Venerdì i doganalisti a Villa Marigola, Pisano: "Il mondo e la logistica stanno cambiando, ci attendono grandi sfide" - Citta della Spezia

2022-10-11 20:46:36 By : Ms. Nancy Wong

La comunità portuale spezzina alle prese con un mondo che sta cambiando alla velocità della luce. Il sistema della logistica, in continuo movimento ed evoluzione per vocazione, sta rispondendo alle sollecitazioni e alle crisi che si susseguono per consentire all’economia di continuare a girare. “Il sistema sta reagendo e questo non può che far ben sperare. Ma il mondo sta cambiando e bisogna tratteggiare un modello diverso, di certo non quello del secolo scorso, ma nemmeno quello che è stato seguito nei primi 20 anni di quello attuale. Grandi sfide ci attendono all’orizzonte”. A sostenerlo è Bruno Pisano, presidente nazionale di Assocad – Associazione centri di assistenza doganale, che sarà anche uno dei protagonisti del convegno che venerdì 14 ottobre riunirà il comparto dei doganalisti a Villa Marigola.

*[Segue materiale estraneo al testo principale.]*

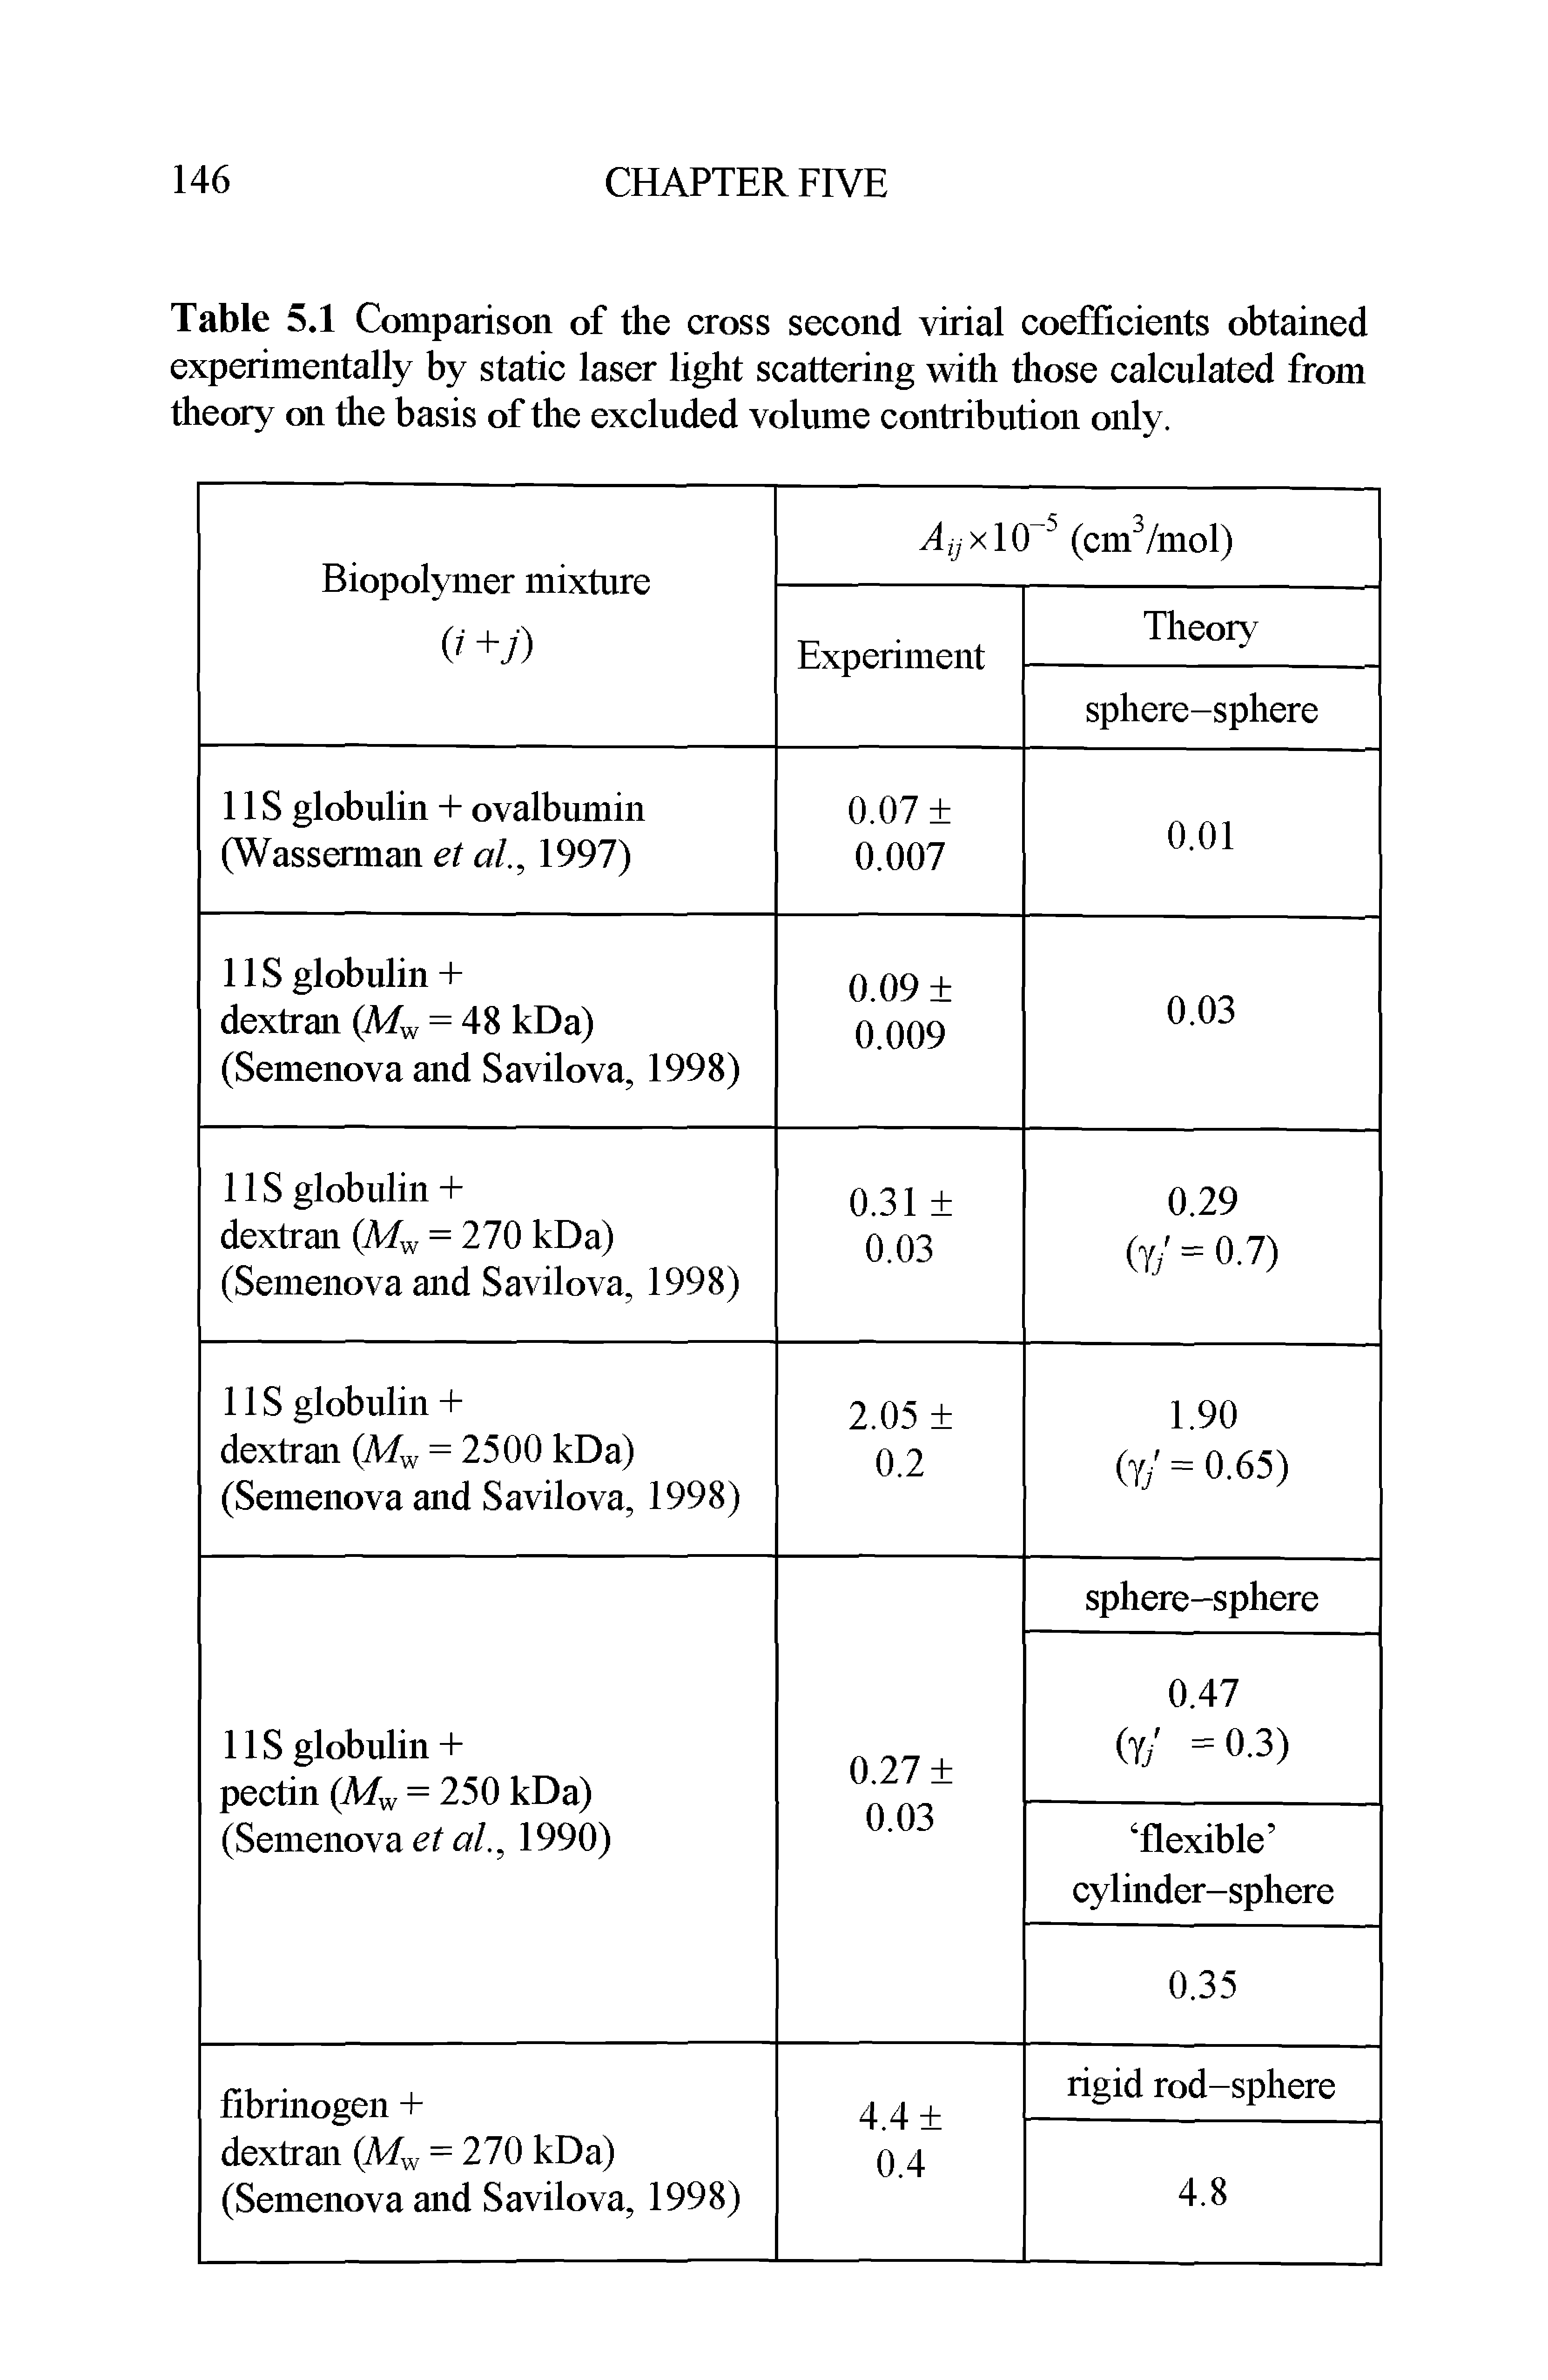 Table 5.1 Comparison of the cross second virial coefficients obtained experimentally by static laser light scattering with those calculated from theory on the basis of the excluded volume contribution only.

Negli anni scorsi gli spezzini hanno imparato a conoscere meglio il porto dal punto di vista infrastrutturale, ma sono pochi quelli che conoscono anche le figure che lavorano dietro le quinte. Qual è il ruolo del doganalista nella catena della logistica? “Un tempo al di là del muro non si sapeva bene cosa ci fosse. Trovo molto bella una frase di Giorgio Bucchioni: Per anni quel muro è stato visto come la fine della città, invece dietro quel muro iniziava il mondo. E ancora oggi c’è chi pensa che la ricaduta occupazionale del porto sia solamente nella movimentazione dei container, di fatto nel terminal. In realtà ci sono tutta una serie di professioni e mestieri che ruotano intorno al trasporto delle merci, come l’esperto in materie fiscali e adempimenti doganali. Tutte le merci in fase di import o di export devono attraversare la linea della dogana e oggi lo fa nel rispetto della normativa doganale europea di riferimento per tutti gli stati dell’Unione. Dal 1960 esiste un Albo nazionale degli spedizionieri doganali al quale ci si può iscrivere dopo due anni di pratica e l’esame di Stato che concede di ottenere la licenza per operare in tutti i punti di confine, nei porti o nei punti intermodali sparsi per il Paese. Il proprietario delle merci, nel momento in cui queste attraversano la linea di confine, deve presentare la necessaria dichiarazione doganale, con elementi e adempimenti fiscali ben precisi. Ed è qui che entriamo in gioco noi, anche perché oggi non si ritira solamente la gabella: la fiscale è affiancata da altre più importanti, come i controlli di sicurezza sui prodotti, con il noto marchio CE, quelli sanitari, veterinari, quelli fitosanitari, ma anche quelli relativi alla proprietà intellettuale e dunque al fenomeno della contraffazione. Anche il pacchetto di sanzioni nei confronti della Russia è un aspetto che ci riguarda da vicino, perché, come detto, i doganalisti sono chiamati ad applicare le normative comunitarie”.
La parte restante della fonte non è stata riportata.